I use perf to collect some important counters. here are the results:
Without nop instruction:
Code:
$ perf stat -e uops_executed.stall_cycles,uops_issued.stall_cycles,uops_retired.stall_cycles,cycle_activity.cycles_mem_any,icache_64b.iftag_hit -M Branch_Misprediction_Cost -M Pipeline ./slow 0
&i = 7ffc07966f40, &offset=7ffc07966f00
ns: 3.728576
Performance counter stats for './slow 0':
213,867,558 uops_executed.stall_cycles (17.56%)
491,423,003 uops_issued.stall_cycles (23.45%)
512,748,389 uops_retired.stall_cycles (17.62%)
883,538,689 cycle_activity.cycles_mem_any (23.51%)
204,676,274 icache_64b.iftag_hit (23.55%)
7,437 br_misp_retired.all_branches # 872.9 Branch_Misprediction_Cost (23.55%)
149,274 machine_clears.count (23.55%)
1,009,768,664 uops_issued.any (23.55%)
1,005,689,857 uops_retired.retire_slots (23.56%)
1,029,988 int_misc.recovery_cycles (23.56%)
889,352,008 cycles (29.44%)
375,429,113 idq_uops_not_delivered.cycles_0_uops_deliv.core (29.44%)
1,303,779 int_misc.clear_resteer_cycles (29.44%)

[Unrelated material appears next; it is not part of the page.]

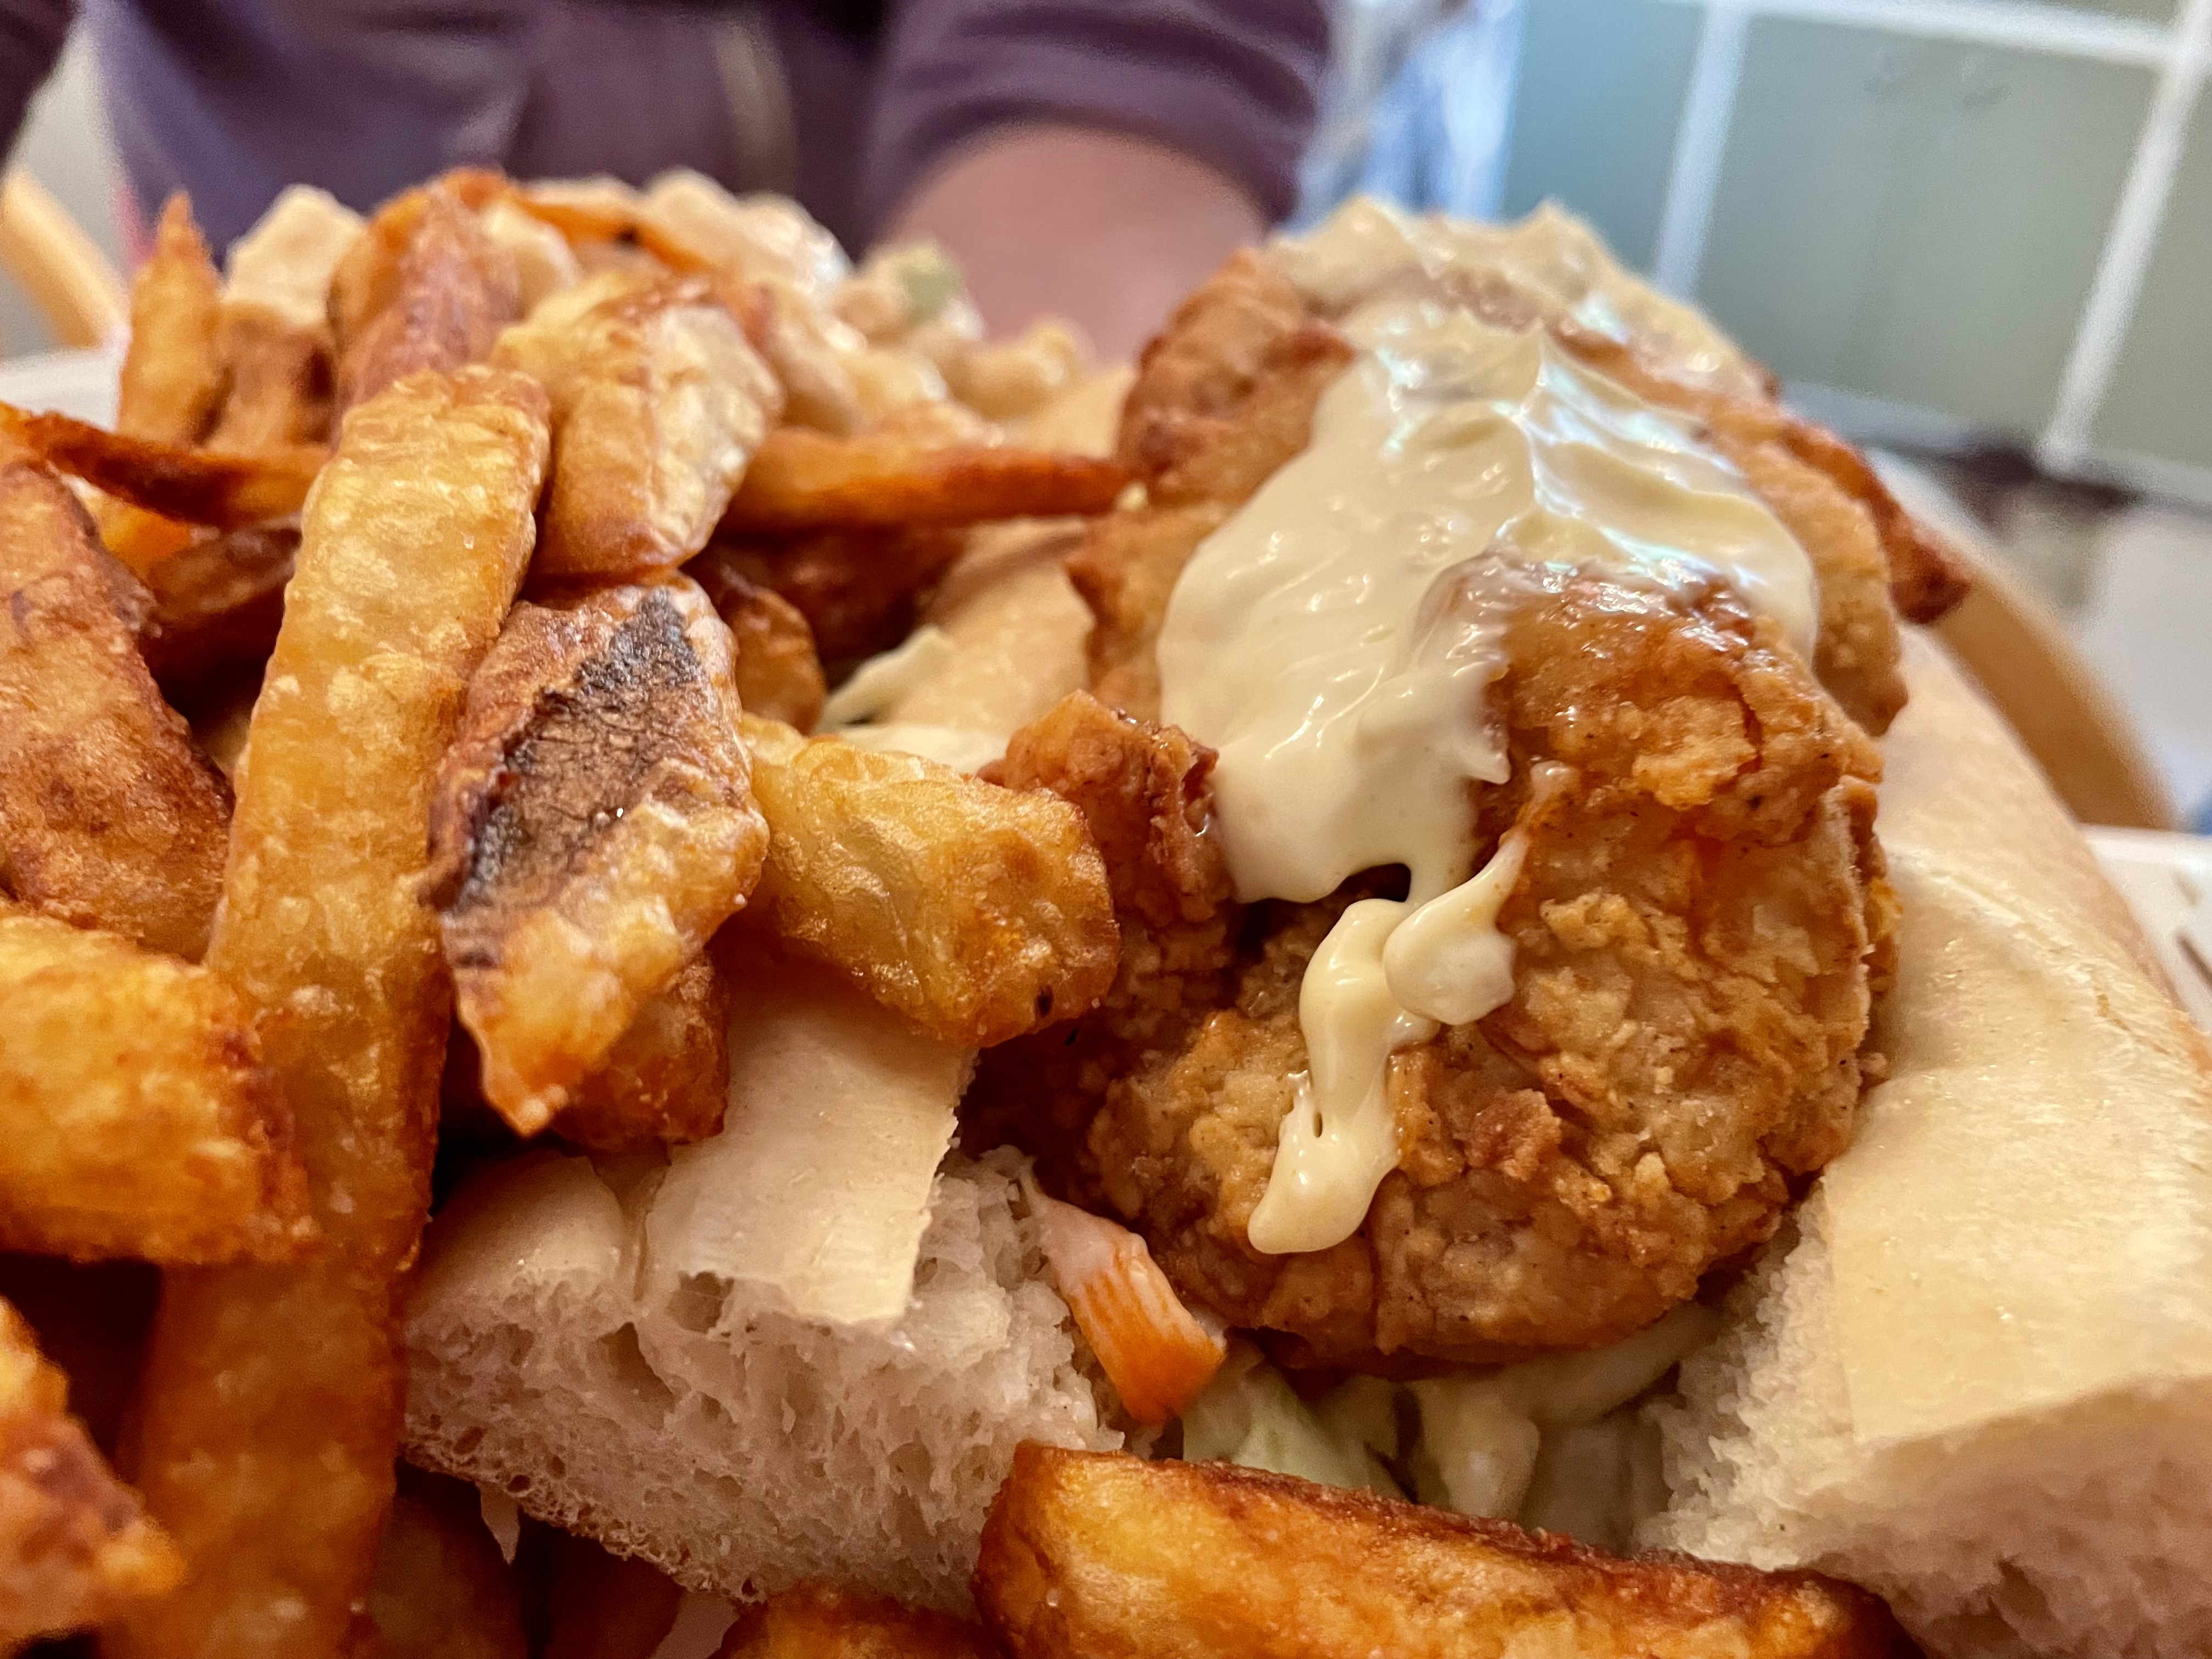 The po' boy came with remoulade—a traditional French sauce, originally made with ingredients such as mayonnaise, herbs, capers, pickles, and perhaps some anchovy oil or horseradish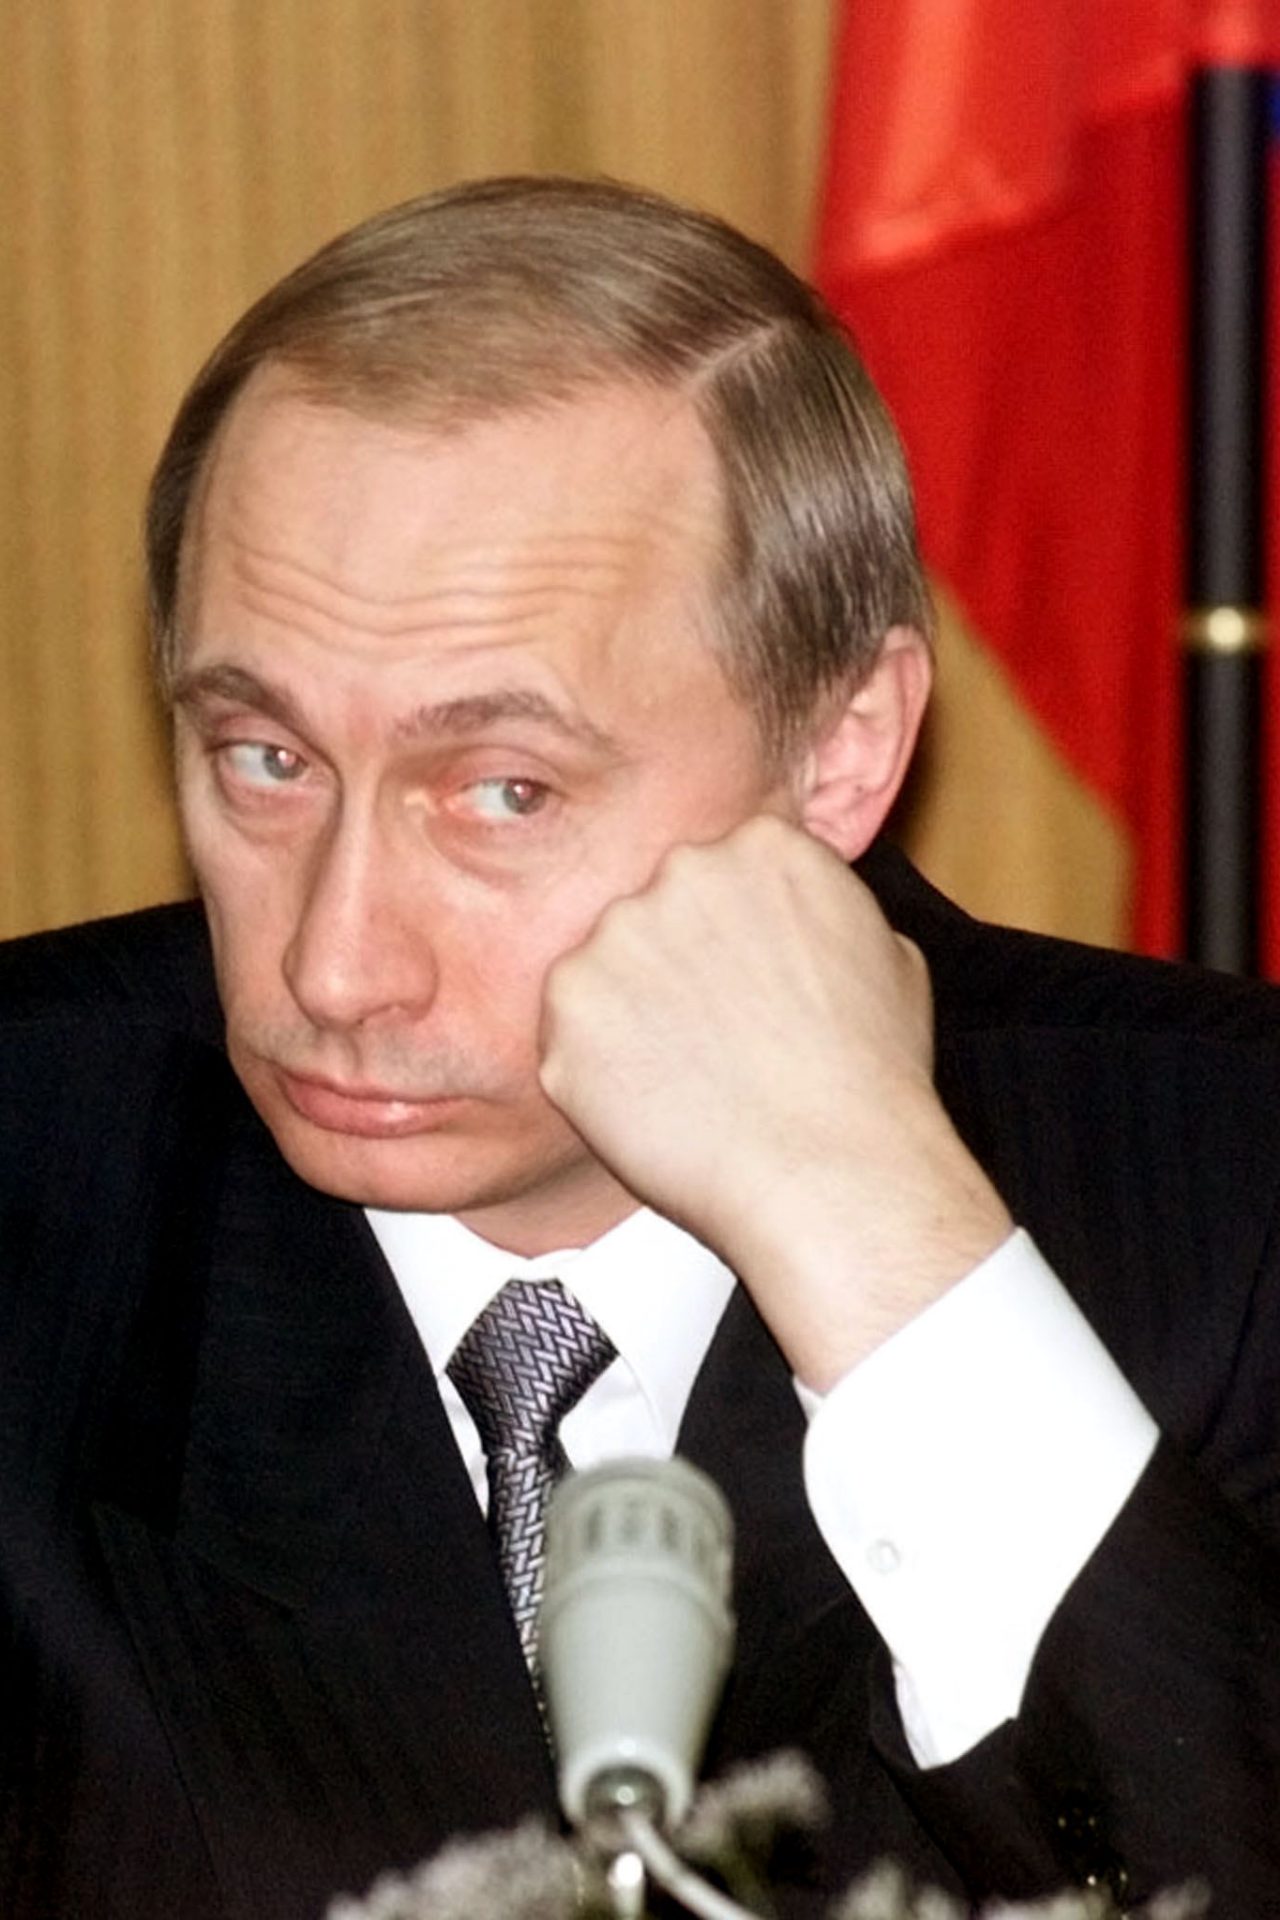 Leader of Russia since 2000

24,653 baclears.any (29.44%)
1,005,647,085 uops_retired.retire_slots # 0.9 UPI (29.44%)
1,104,896,299 inst_retired.any (29.44%)
1,101,945,035 inst_retired.any # 0.8 CPI (23.56%)
889,131,234 cycles (23.56%)
1,200,172,618 uops_executed.thread # 1.7 ILP (17.60%)
725,629,824 uops_executed.core_cycles_ge_1 (17.60%)
0.374539772 seconds time elapsed
0.370386000 seconds user
0.000987000 seconds sys
With nop instruction:
Code:
$ $ perf stat -e uops_executed.stall_cycles,uops_issued.stall_cycles,uops_retired.stall_cycles,cycle_activity.cycles_mem_any,icache_64b.iftag_hit -M Branch_Misprediction_Cost -M Pipeline ./fast 0
&i = 7ffd56fbeac0, &offset=7ffd56fbea80
ns: 2.212173
91,068,788 uops_retired.stall_cycles (18.01%)
523,629,214 cycle_activity.cycles_mem_any (23.87%)
2,324,443 icache_64b.iftag_hit (23.46%)
4,823 br_misp_retired.all_branches # 1171.2 Branch_Misprediction_Cost (23.42%)
122,449 machine_clears.count (23.43%)
1,216,774,633 uops_issued.any (23.42%)
1,206,512,556 uops_retired.retire_slots (23.42%)
705,325 int_misc.recovery_cycles (23.43%)
528,397,938 cycles (29.28%)
22,295,204 idq_uops_not_delivered.cycles_0_uops_deliv.core (29.28%)
1,151,776 int_misc.clear_resteer_cycles (29.28%)
15,162 baclears.any (29.28%)
1,205,231,069 uops_retired.retire_slots # 1.0 UPI (29.28%)
1,204,519,156 inst_retired.any (29.28%)
1,204,031,494 inst_retired.any # 0.4 CPI (23.43%)
528,232,797 cycles (23.43%)
1,312,254,164 uops_executed.thread # 2.6 ILP (17.57%)
497,642,069 uops_executed.core_cycles_ge_1 (17.57%)
0.222836590 seconds time elapsed
0.217941000 seconds user
0.002964000 seconds sys
We can see that the slower one has more cycle_activity.cycles_mem_any, uops_issued.stall_cycles, br_misp_retired.all_branches and icache_64b.iftag_hit. I don't know if this means the slower one has more misprediction in pipeline and thus have to re-fetch more instructions.